The Islamic State group said it enslaved families from the minority Yazidi sect after overrunning their villages in northwestern Iraq, in what it praised as the revival of an ancient custom of using women and children as spoils of war. In an article in its English-language online magazine Dabiq, the group provides what it says is religious justification for the enslavement of defeated “idolators.” The ancient custom of enslavement had fallen out of use because of deviation from true Islam, but was revived when fighters overran Yazidi villages in Iraq’s Sinjar region.
This large-scale enslavement of mushrik [idolator] families is probably the first since the abandonment of Shariah law.

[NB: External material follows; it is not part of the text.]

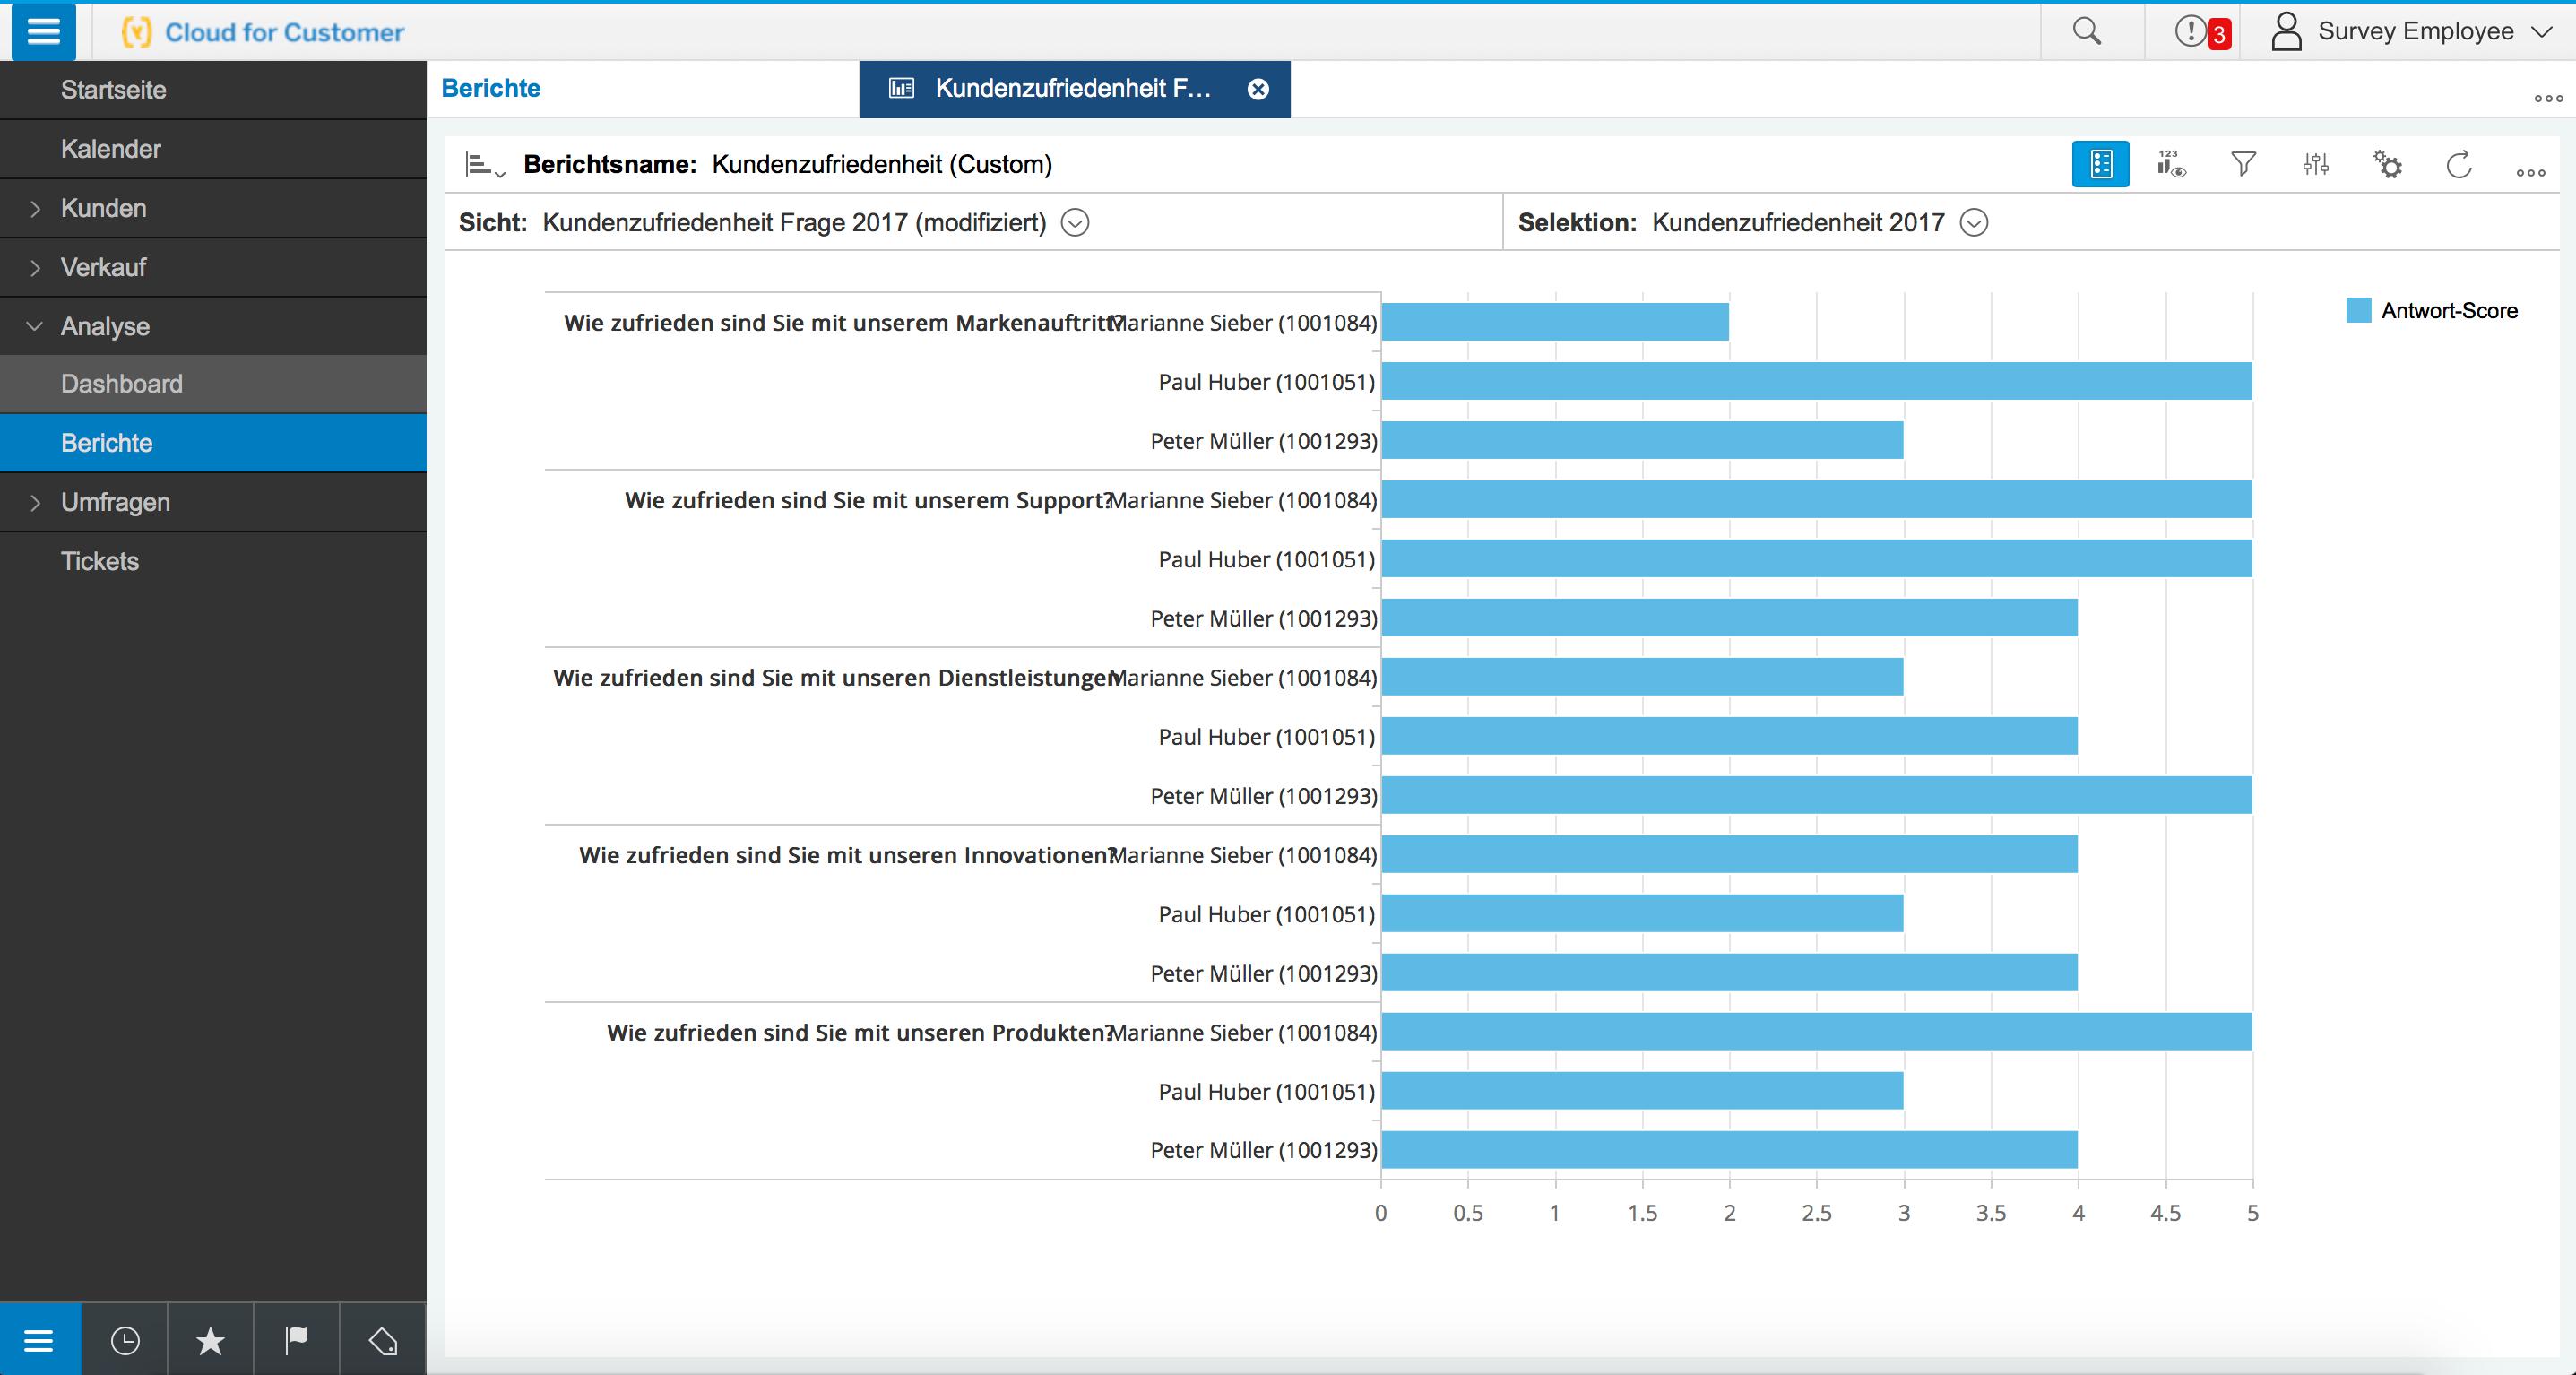 Analysemöglichkeiten innerhalb SAP Hybris C4C: Kundenzufriedenheit gesamt

Dabiq, the Islamic State’s online magazine
"After capture, the Yazidi women and children were then divided according to the Shariah amongst the fighters of the Islamic State who participated in the Sinjar operations, after one fifth of the slaves were transferred to the Islamic State’s authority to be divided as khums," it said. Khums is a traditional tax on the spoils of war. Dabiq, distributed in a slickly-produced online format, is described by the group SITE, which monitors militant publications, as Islamic State’s English-language magazine. The cover shows a picture of St Peter’s Basilica in Rome, with an Islamic State black flag superimposed in place of the cross atop its obelisk. Several Yazidi women and girls who have escaped captivity have claimed that they were sold to Islamic State fighters in Iraq and Syria. Human Rights Watch recently produced a report including the testimony of a woman who said she saw IS fighters buying girls.